During the year ended December 31, 2022, the Company did not have severance or related expense related to the United States Restructuring Plan.

18. COMMITMENTS AND CONTINGENCIES
The Company self-insures our general liability including products liability, automotive liability, and workers' compensation losses up to $500 per occurrence. Catastrophic coverage has been purchased from third party insurers for occurrences in excess of $250 up to $60,000. The two risk areas involving the most significant accounting estimates are workers' compensation and automotive liability. Actuarial valuations performed by the Company's third-party risk insurance expert were used by the Company's management to form the basis for workers' compensation and automotive liability loss reserves. The actuary contemplated the Company's specific loss history, actual claims reported, and industry trends among statistical and other factors to estimate the range of reserves required. Risk insurance reserves are comprised of specific reserves for individual claims and additional amounts expected for development of these claims, as well as for incurred but not yet reported claims. The Company believes that the liability of approximately $2,323 recorded for such risk insurance reserves is adequate as of December 31, 2022.

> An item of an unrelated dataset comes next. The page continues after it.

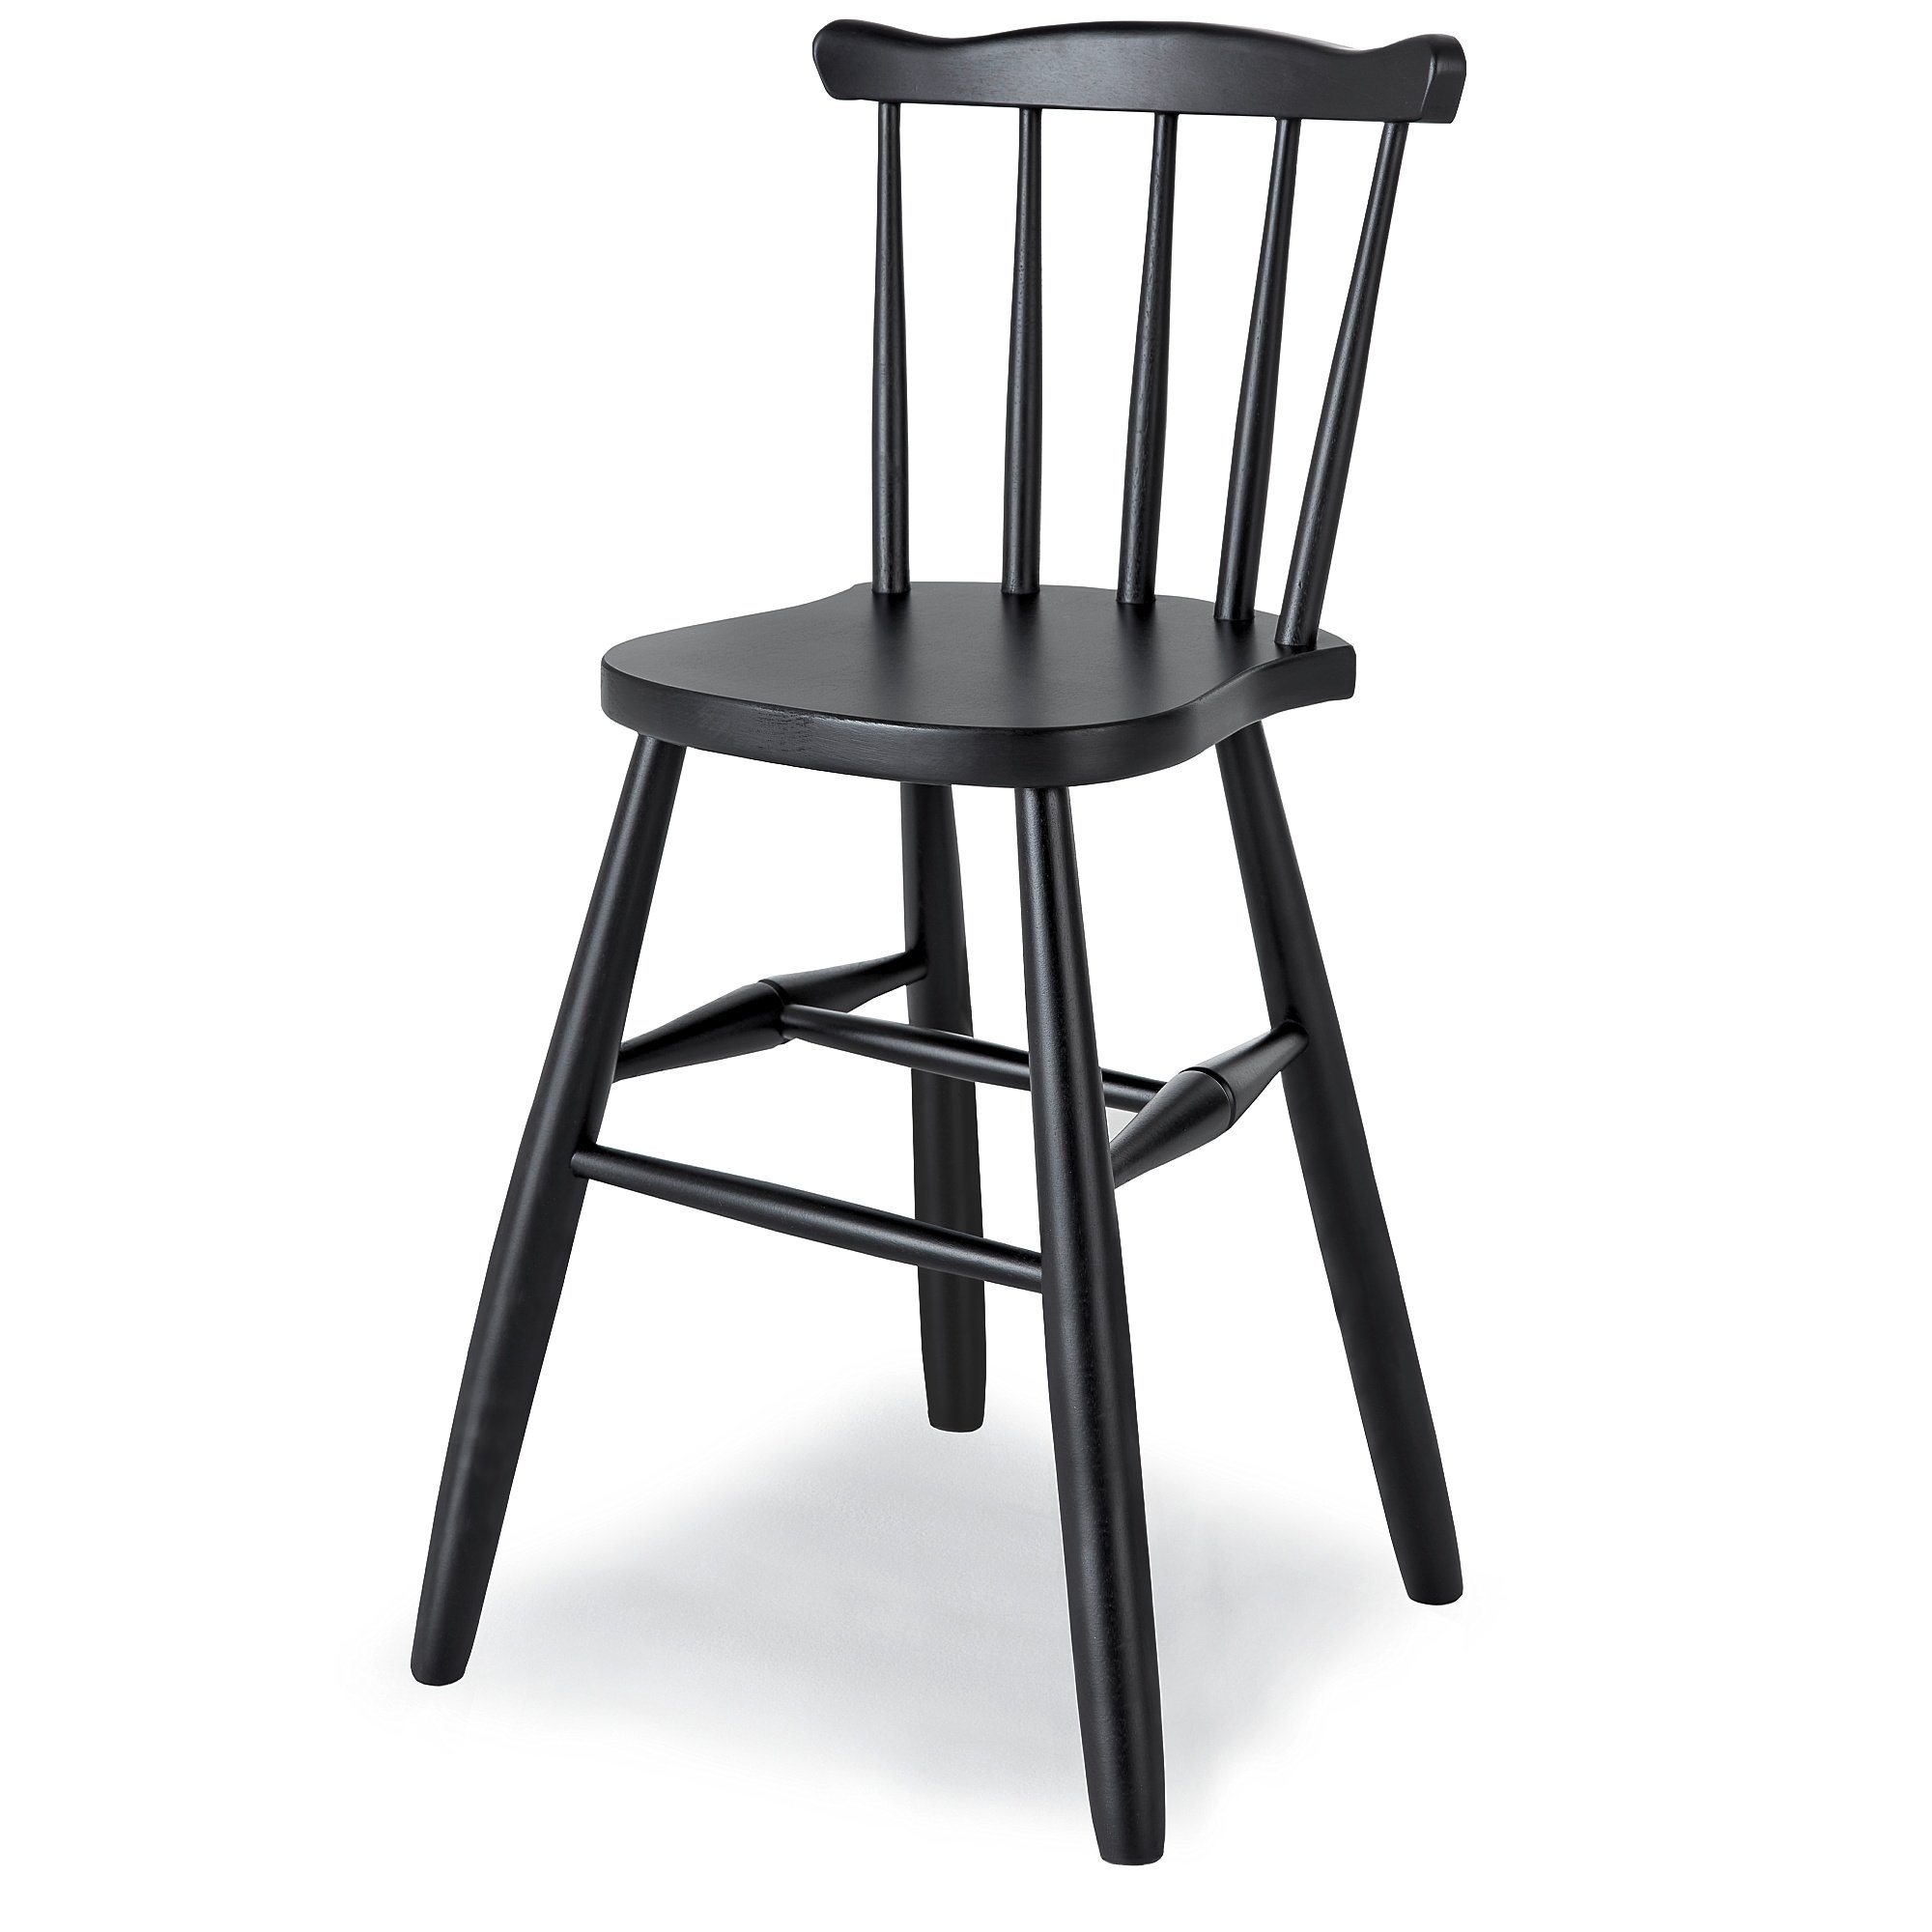 Dětská židle BASIC, výška 520 mm, černá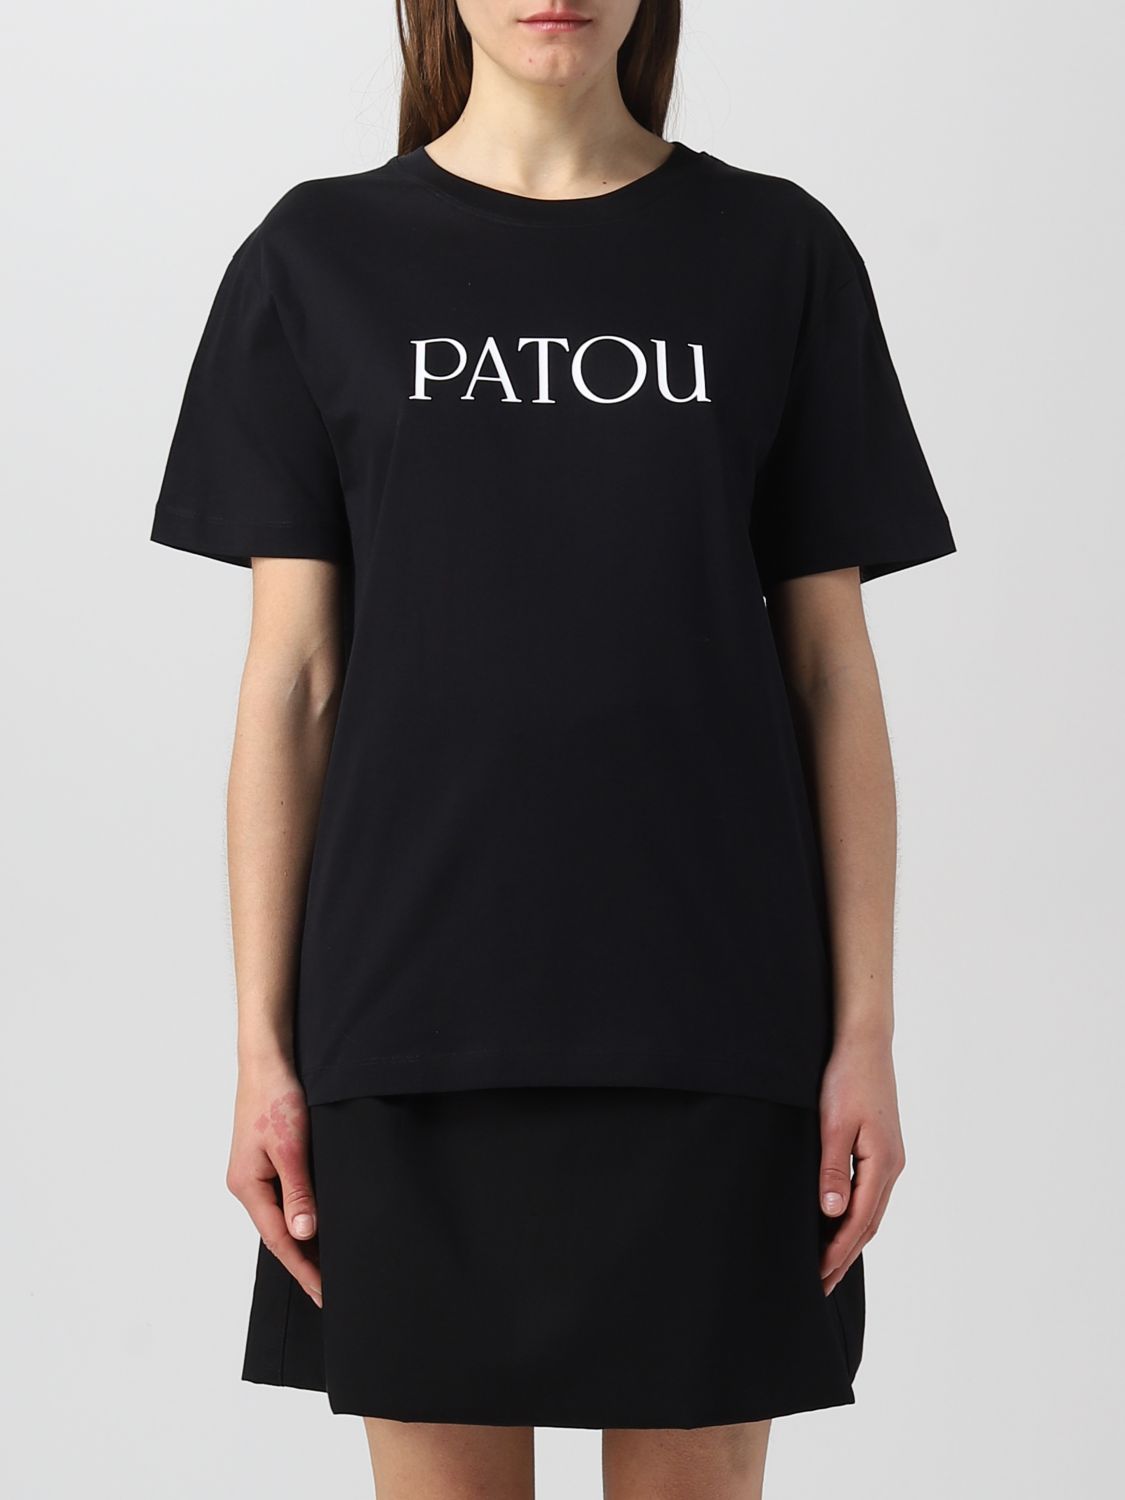 Patou T-shirt  Woman In Black

As of December 31, 2022, the Company has provided certain vendors and insurers letters of credit aggregating $35,890 related to our product purchases and insurance coverage of product liability, workers' compensation, and general liability.
The Company self-insures our group health claims up to an annual stop loss limit of $300 per participant. Historical group insurance loss experience forms the basis for the recognition of group health insurance reserves. Provisions for losses expected under these programs are recorded based on an analysis of historical insurance claim data and certain actuarial assumptions. The Company believes that the liability of approximately $2,573 recorded for such group health insurance reserves is adequate as of December 31, 2022.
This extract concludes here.